Here, the Court finds Plaintiff has met her summary judgment burden to show that Defendant's letter "unacceptably increases the level of confusion" for an unsophisticated consumer. Salinas, 2019 WL 2465325, at *4. In some cases, "reasonable minds can differ as to whether an unsophisticated consumer" would be misled by a letter that conceals individual components of the overall debt. See Gomez, 2016 WL 3562148, at *26-27; see also Fields v. Wilber Law Firm, P.C., 383 F.3d 562, 565 (7th Cir. 2004). But here, Defendant has failed altogether to refute Plaintiff's claim and supporting evidence that the letter was was deceptive or misleading. See Gomez, 2016 WL 3562148, at *23 (failure to itemize may be immaterial where the origin of the debt is known or the category of the debt is irrelevant). Unlike in the cases discussed by Gomez, where the debt collector successfully argued any misleading statement was immaterial because "a dollar due is a dollar due," Defendant has proffered no evidence to clarify the basis of the collection fee or the true and total amount due. Thus, it is appropriate for the Court to find as a matter of law that Defendant's letter was misleading as to the amount of the debt in violation of Section 1692e(2)(A).

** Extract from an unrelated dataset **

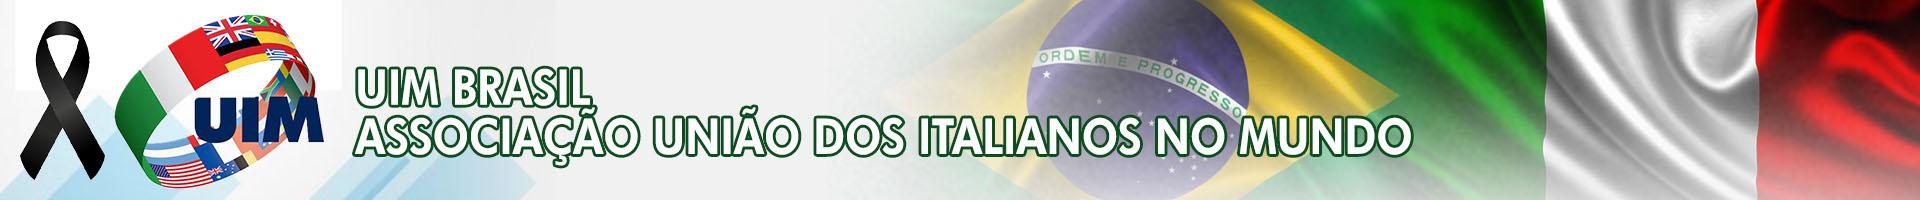 UIM Brasil - Associação União dos Italianos no Mundo

Plaintiff is at times unclear whether she is alleging Defendant's "amount in debt" violations run afoul of Section 1692(a) or Section 1692e(2)(A) or both. In either case, Plaintiff only prays that the Court grant summary judgment as to liability for violation of 1692e(2)(A). See ECF No. 38 at 7.
CONCLUSION
For the reasons stated above, the Court finds Defendant liable for violations of Sections 1692g(a)(5), 1692g(a)(5), and 1692e(2)(A) of the FDCPA. Plaintiff's Motion for Summary Judgment on Liability (ECF No. 38) is GRANTED.

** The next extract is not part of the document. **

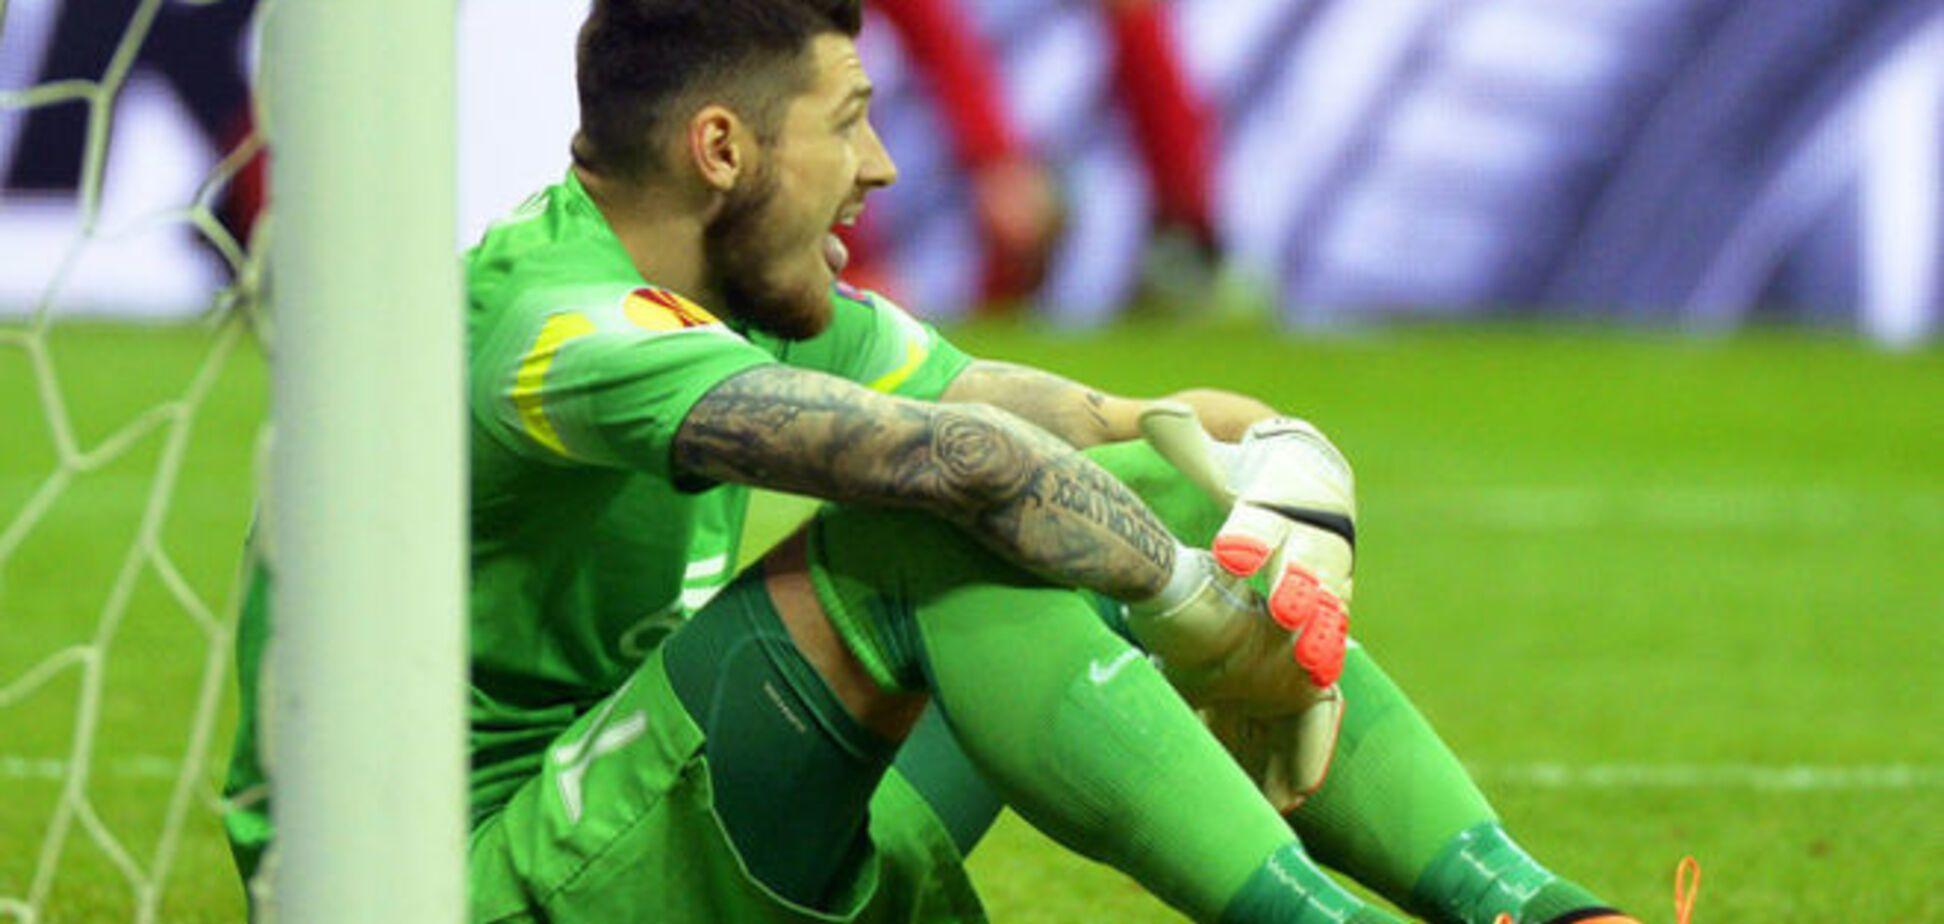 Герой 'Днепра' не стал оправдываться за поражение в финале Лиги Европы

This Court previously GRANTED Plaintiff's Unopposed Motion to Extend Deadline to Submit Proposed Scheduling Order (ECF No. 37). Under the Court's Order, the deadline for the parties to confer and submit a proposed scheduling order is suspended until 14 days after the expiration of the time within which class members may opt out of the class. As a basis for her Motion to Extend, Plaintiff indicated to the Court that she intends to file a motion to shift the costs of notice to the class from Plaintiff to Defendant and to approve the form of the notice and the method of disseminating the notice to the class. Accordingly, Plaintiff is ORDERED to submit such a motion within thirty (30) days of this Order.
It is so ORDERED.
SIGNED this 11th day of December, 2019.